What does CPU and disk I/O (and iowait) look like on the data nodes when you are querying? Are you indexing at the same time?

safwan · March 15, 2019, 8:36pm

Your query does nto reflect your mapping type. Can you provide the correct mapping here where event_id and device_type is present?

ansamHox · March 15, 2019, 9:33pm

it should be user_id instead of event_id, i just copied wrong query..

ansamHox · March 15, 2019, 9:33pm

where can i check this, _cat/nodes?v ?

Christian_Dahlqvist · March 15, 2019, 9:36pm

If you are on Linux you can use 'iostat -x'.

ansamHox · March 15, 2019, 9:47pm

i can connect only to client node via ssh unfortunately..

safwan · March 15, 2019, 10:03pm

I think you should use keyword datatype instead of string datatype. And moreover, it seems like you should use filter with term query instead of must with match query.

Can you run below query without changing the mapping and check if any performance get improved?
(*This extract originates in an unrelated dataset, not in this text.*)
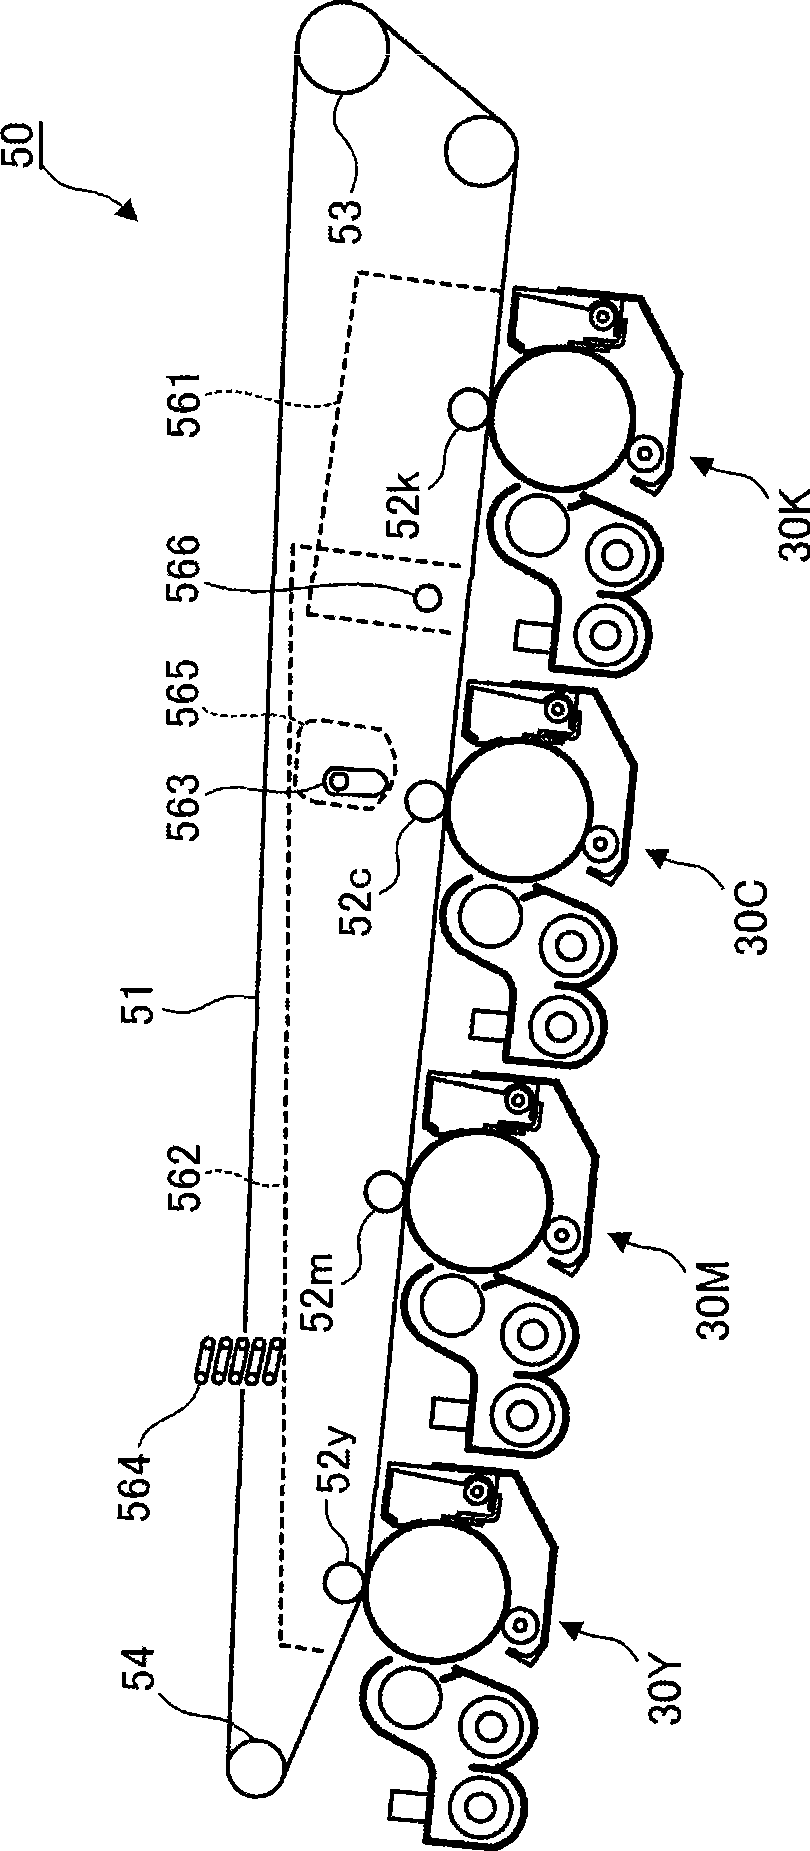 Image forming apparatus, and related methods

GET logs_2016,logs_2017,logs_2018/_search
{
  "query": {
    "bool": {
      "filter": [
        {
         "match": {
           "user_id": "32232699237"
         } 
        },
        {
          "match": {
            "device_type": "31"
          }
        }
      ]
    }
  },
  "size":100,
  "from":0,
  "sort":[{"timestamp":{"order":"desc"}}, {"session_id":{"order":"desc"}}]
}

ansamHox · March 15, 2019, 10:09pm

I already tried filter query, but I'm getting pretty much same results (3-4 seconds)
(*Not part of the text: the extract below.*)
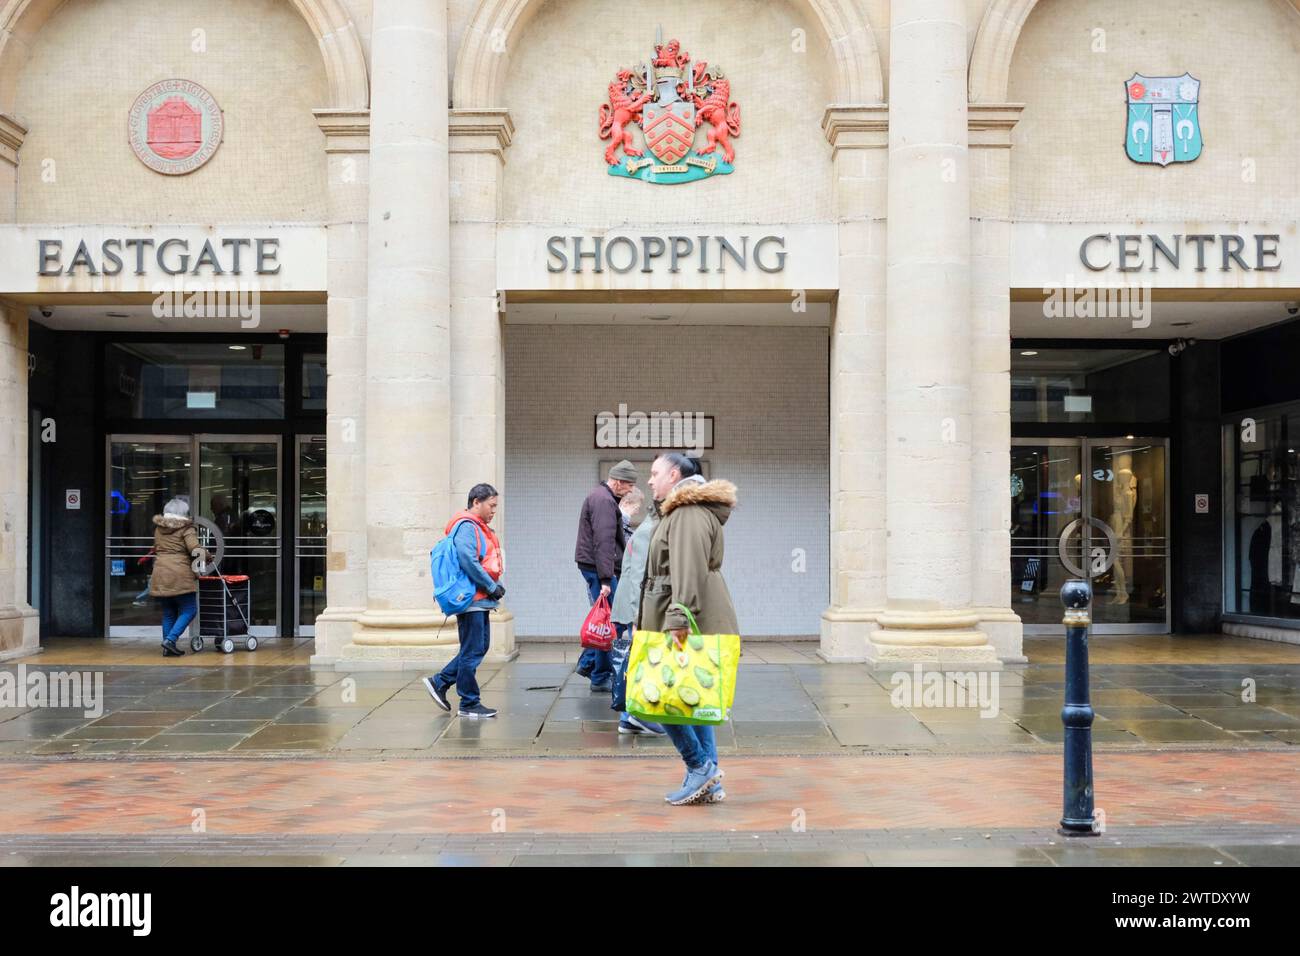 The Eastgate shopping centre in Gloucester UK on a rainy day Stock Photo

safwan · March 15, 2019, 10:11pm

What about sorting the indexes according to timestamp and session_id?
https://www.elastic.co/guide/en/elasticsearch/reference/master/index-modules-index-sorting.html

safwan · March 15, 2019, 10:16pm

You may also use the track_total_hits: false so that Elasticsearch will not try to count the number of documents.

ansamHox · March 15, 2019, 10:50pm

forgot to mention i'm using ES 2.3 version, there is no index sorting or type keyword in this version..

safwan · March 15, 2019, 10:54pm

In that case the best advice I can give is to upgrade your cluster to atleast 5.x

ansamHox · March 15, 2019, 10:56pm

Need to reindex everything, it will take 4 days

safwan · March 15, 2019, 11:04pm

If you are not able to upgrade, I think then you should increase the data node of your cluster.
Seems like every index have 16 shards and 1 replica. And there are 3 indexes. So total 16x2x3 = 96 shards. 2 nodes are overwhelmed with this 96 shards. Maybe increasing the data node will solve the slow query issue.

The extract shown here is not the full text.